Sometimes, I think we should just quit work, take our kids out of school, build a bonfire in the backyard, sit around it holding hands and sing "Kumbya".

(Guess we should learn to sing Kumbya in Arabic.)

Reactions: Funny 1


----------



## Mike1950 (Nov 24, 2014)

Remember getting swinging in the swingset and launching out of it- Or a little older and ski jogging on the bumper of a car across town. Should have warning labels on bumpers not to do that. What about dirt clod/snow ball fights- Now those were safe sports!!!


----------



## SENC (Nov 24, 2014)

Mike1950 said:


> Remember getting swinging in the swingset and launching out of it- Or a little older and ski jogging on the bumper of a car across town. Should have warning labels on bumpers not to do that. What about dirt clod/snow ball fights- Now those were safe sports!!!


And learning about electricity by sticking your finger in a socket! Unless you were named Tony, it probably only took one lesson! Now, as I've just learned since we're doing a kitchen renovation, all electrical outlets being installed in NC are required to have the built-in tamper-proof "gates", which triples the cost, not to mention makes things a total PITA to plug anything in! How are my kids' s future kids going to learn about electricity?


----------



## Mike1950 (Nov 24, 2014)

SENC said:


> And learning about electricity by sticking your finger in a socket! Unless you were named Tony, it probably only took one lesson! Now, as I've just learned since we're doing a kitchen renovation, all electrical outlets being installed in NC are required to have the built-in tamper-proof "gates", which triples the cost, not to mention makes things a total PITA to plug anything in! How are my kids' s future kids going to learn about electricity?

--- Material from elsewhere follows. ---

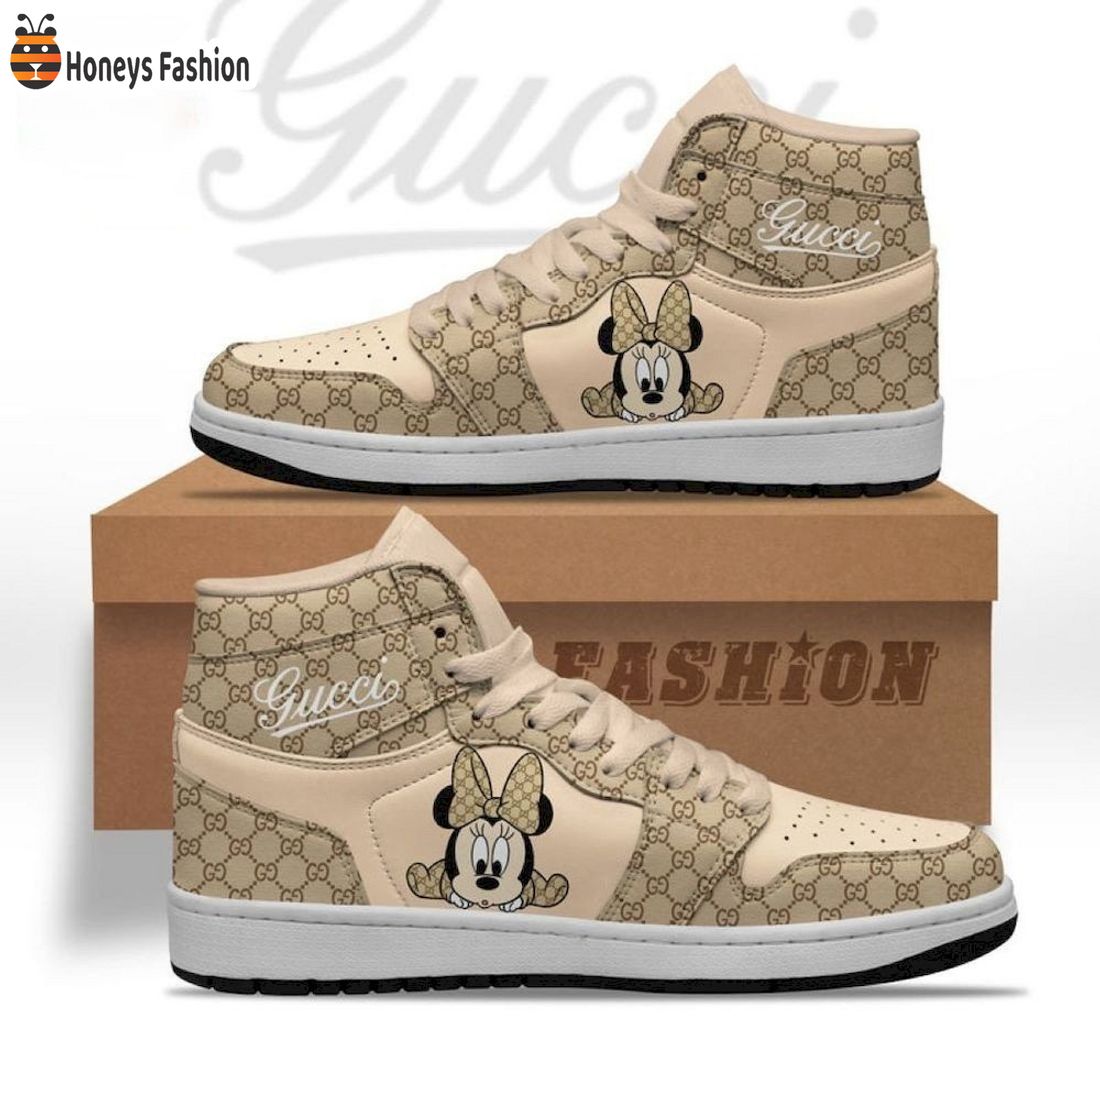 Gucci Minnie Mouse Air Jordan 1 Sneakers
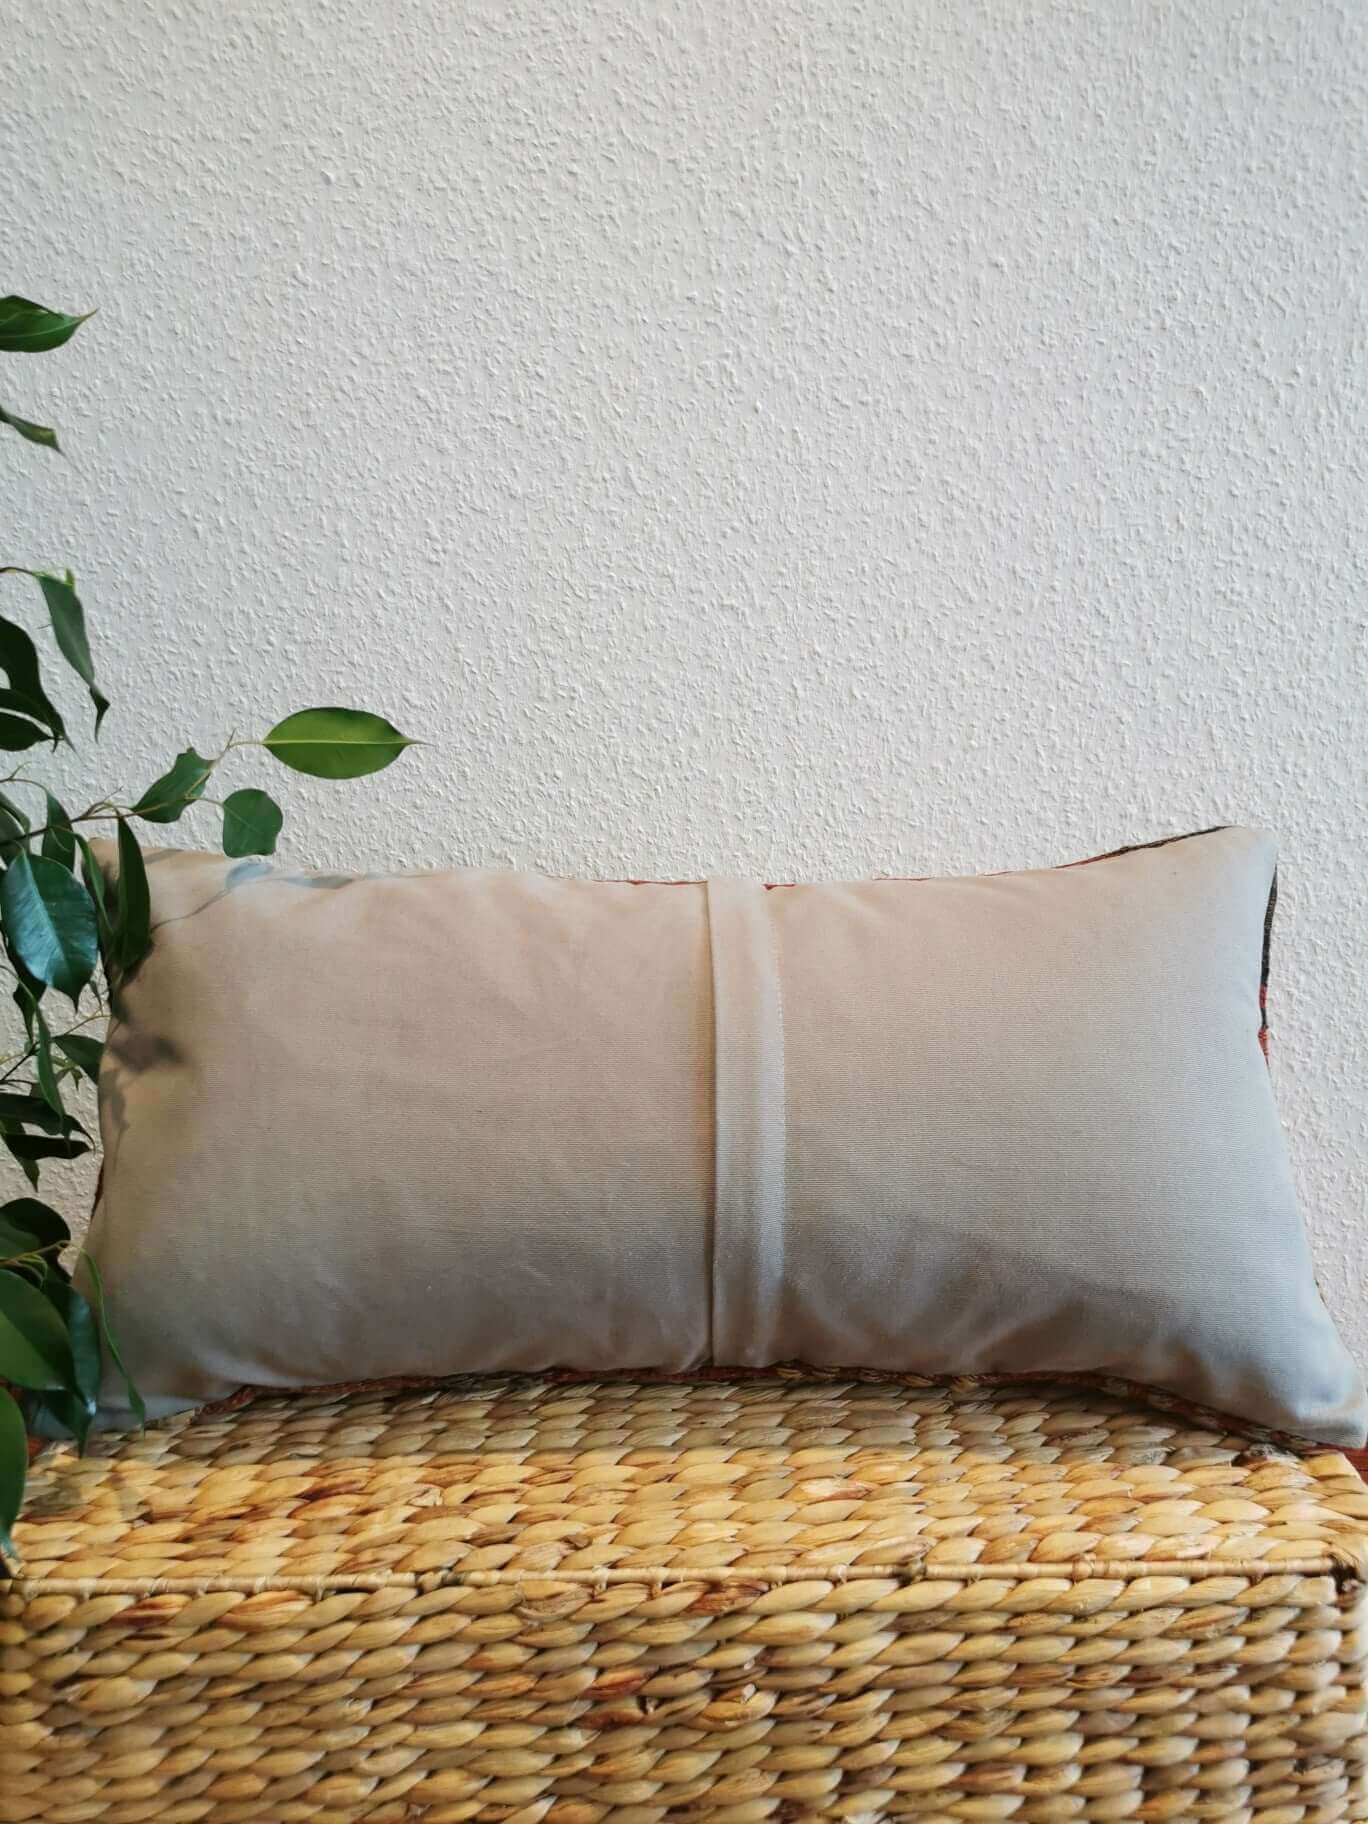 Kilim Pillow Cover, Turkey, old, unique, vintage, Kelim, Kelimkissen, Kissenhülle, pillow case, boho, eclectic, arabic design, Turkish, Anatolian

In 8th grade shop class we made shockers - I am sure that is PC now!!
But come on now Henry- It's the government- They are here to help you- they know best!!! Besides that if you can't plug the appliance in- think of how much electricity you will save......

Reactions: Funny 1


----------



## DKMD (Nov 24, 2014)

I detest child coddling and PC things in general... As such, I've dedicated a large portion of my life toward making PC enthusiasts as uncomfortable as possible. My children have witnessed and will continue to witness my efforts toward that end... If I'm lucky, they'll turn out to be as feral as their father.

Reactions: Like 3 | Agree 1


----------



## frankp (Nov 25, 2014)

I hate child proofing. It annoys the hell out of me and luckily I was mean enough about it my wife stopped arguing. So far my kids haven't done anything more stupid than writing on the walls with crayons. It really isn't that difficult to explain why you shouldn't drink bleach or put your finger/fork in a light socket. The coffee table bumpers are the worst. I had some friends that actually did that and I laughed my ass off. One of their kids still ended up busting his face even through the things. 

The only outlets required to have the gates in VA are the GFCI ones, and those are only required within 18 inches (I think) of sinks or water sources. I just installed some new ones when redoing our bathrooms and they truly suck. They're hard as hell to plug things into.


----------